=== Work to be completed ===
Could you write out, exactly as they stand, only the lines in the listing below from the line with "UK wildlife: common" to the line with "Неоново-зеленый велосипедный шлем", both ends included, without the pictures?

=== Material for this task ===
------------------------------
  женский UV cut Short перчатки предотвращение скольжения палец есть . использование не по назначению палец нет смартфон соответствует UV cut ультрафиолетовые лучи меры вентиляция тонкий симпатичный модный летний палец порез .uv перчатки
------------------------------
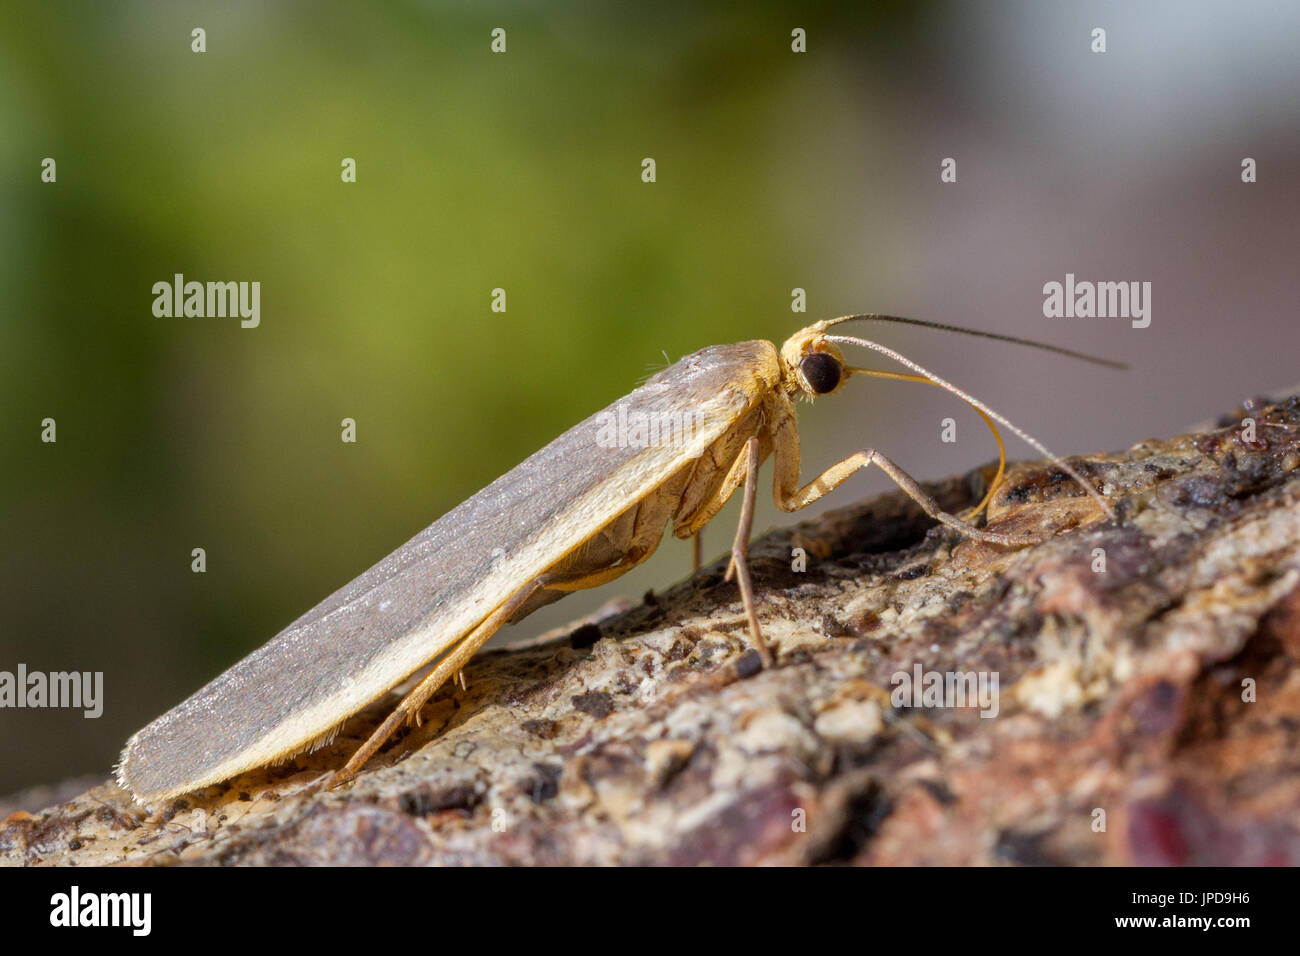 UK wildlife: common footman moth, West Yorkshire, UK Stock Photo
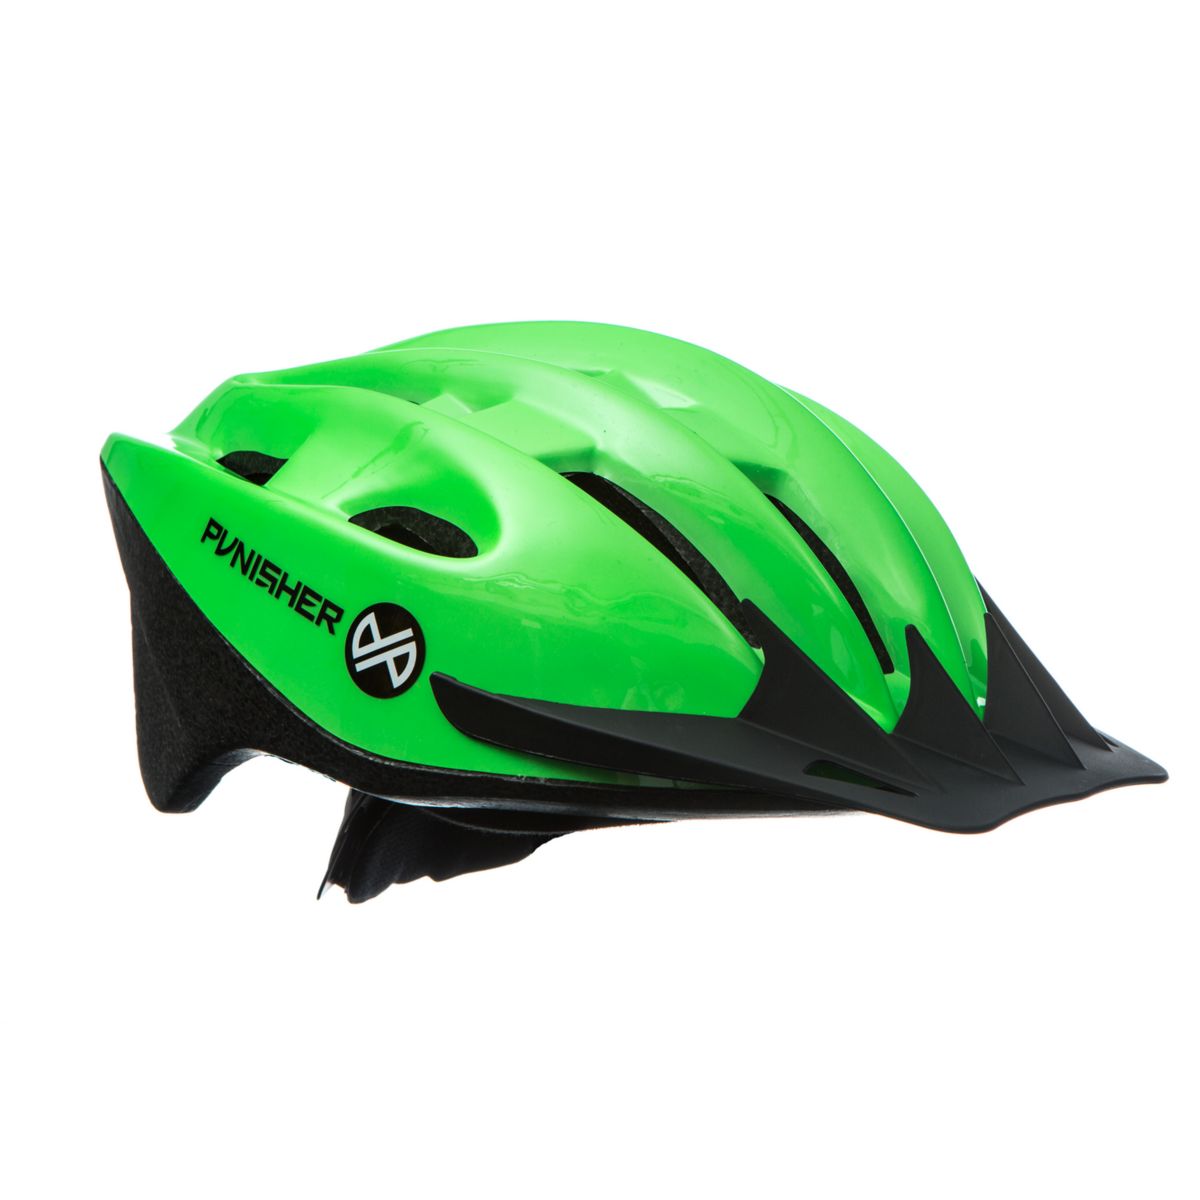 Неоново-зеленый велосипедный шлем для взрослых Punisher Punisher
------------------------------
=== Worked solution ===
 UK wildlife: common footman moth, West Yorkshire, UK Stock Photo
 Неоново-зеленый велосипедный шлем для взрослых Punisher Punisher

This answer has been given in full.